IEEE Trans Med Imaging. 2021 Mar;40(3):996-1006. doi: 10.1109/TMI.2020.3043495. Epub 2021 Mar 2.
Retinal fundus images are widely used for the clinical screening and diagnosis of eye diseases. However, fundus images captured by operators with various levels of experience have a large variation in quality. Low-quality fundus images increase uncertainty in clinical observation and lead to the risk of misdiagnosis. However, due to the special optical beam of fundus imaging and structure of the retina, natural image enhancement methods cannot be utilized directly to address this. In this article, we first analyze the ophthalmoscope imaging system and simulate a reliable degradation of major inferior-quality factors, including uneven illumination, image blurring, and artifacts. Then, based on the degradation model, a clinically oriented fundus enhancement network (cofe-Net) is proposed to suppress global degradation factors, while simultaneously preserving anatomical retinal structures and pathological characteristics for clinical observation and analysis. Experiments on both synthetic and real images demonstrate that our algorithm effectively corrects low-quality fundus images without losing retinal details. Moreover, we also show that the fundus correction method can benefit medical image analysis applications, e.g., retinal vessel segmentation and optic disc/cup detection.

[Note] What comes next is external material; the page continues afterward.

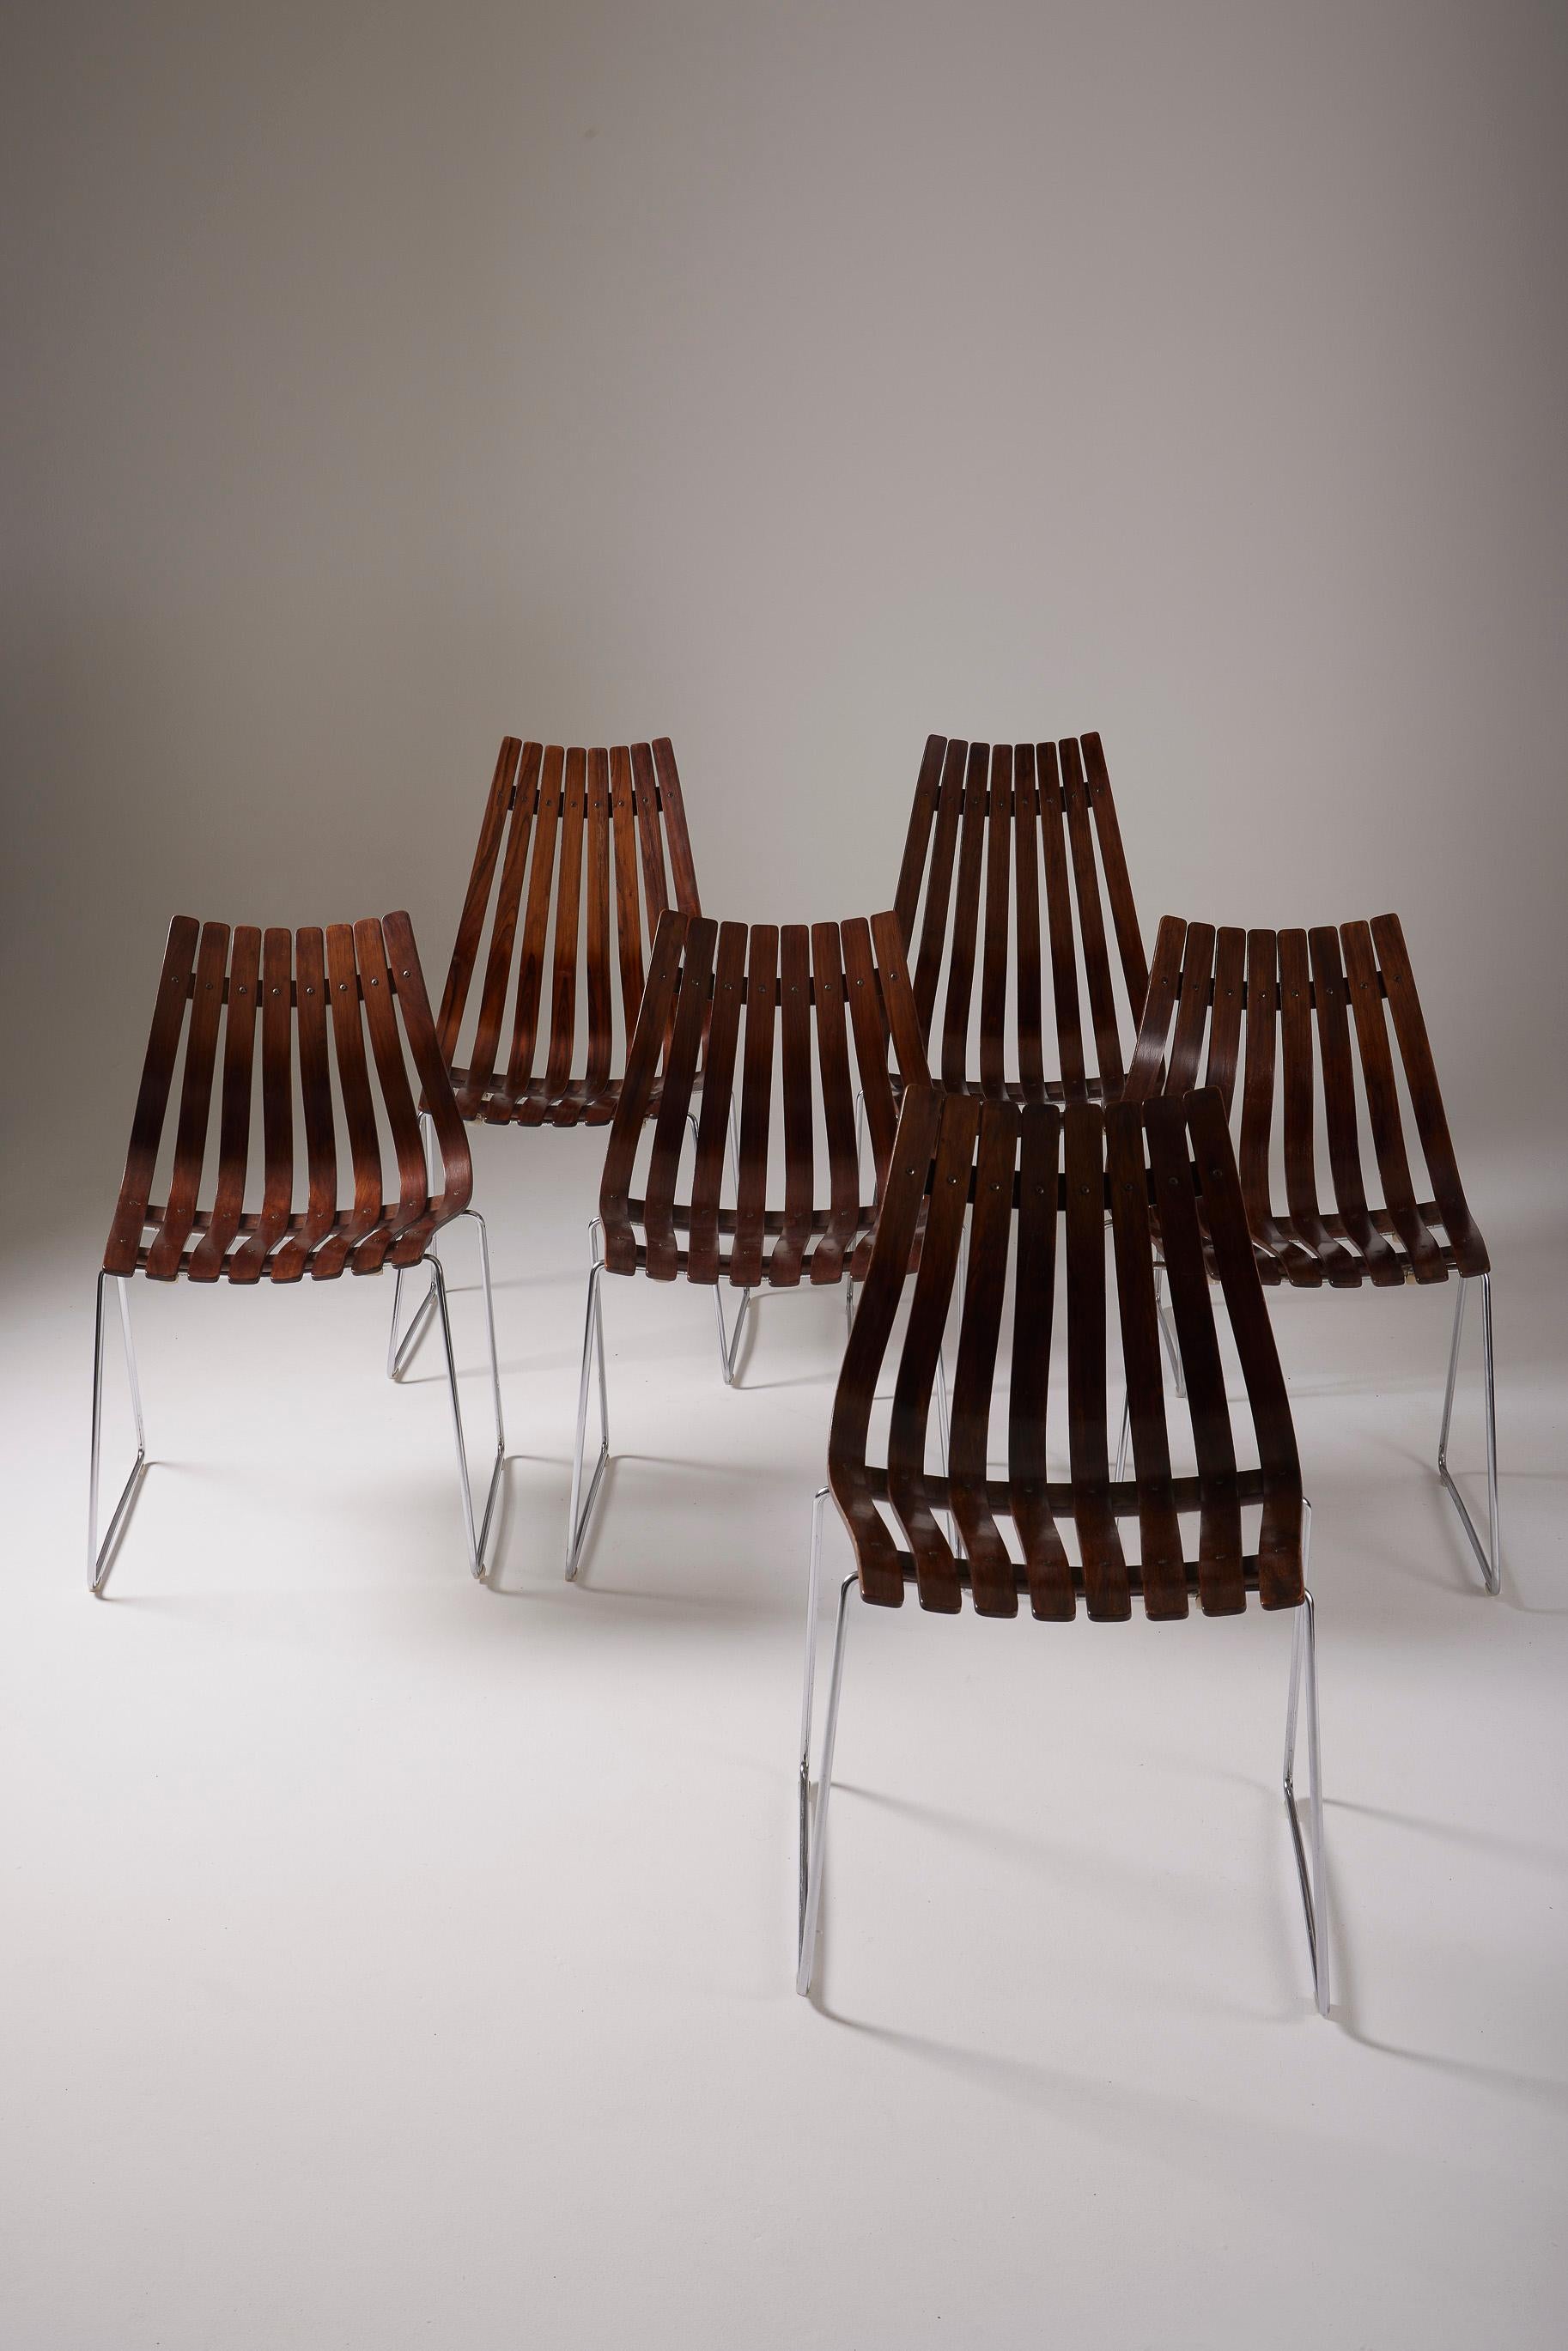  Set of 6 chairs,

眼底图像被广泛应用于眼部疾病的临床筛查和诊断。然而,由于不同经验水平的操作人员拍摄的眼底图像质量存在较大差异,低质量的眼底图像会增加临床观察的不确定性,并导致误诊的风险。但是,由于眼底成像的特殊光束和视网膜的结构,不能直接利用自然图像增强方法来解决这个问题。在本文中,我们首先分析了眼底镜成像系统,并模拟了主要低质量因素的可靠退化,包括光照不均匀、图像模糊和伪影。然后,基于退化模型,提出了一种面向临床的眼底增强网络(cofe-Net),用于抑制全局退化因素,同时保留用于临床观察和分析的解剖视网膜结构和病理特征。对合成图像和真实图像的实验表明,我们的算法可以有效地纠正低质量的眼底图像,而不会丢失视网膜细节。此外,我们还表明,眼底校正方法可以有益于医学图像分析应用,例如视网膜血管分割和视盘/杯检测。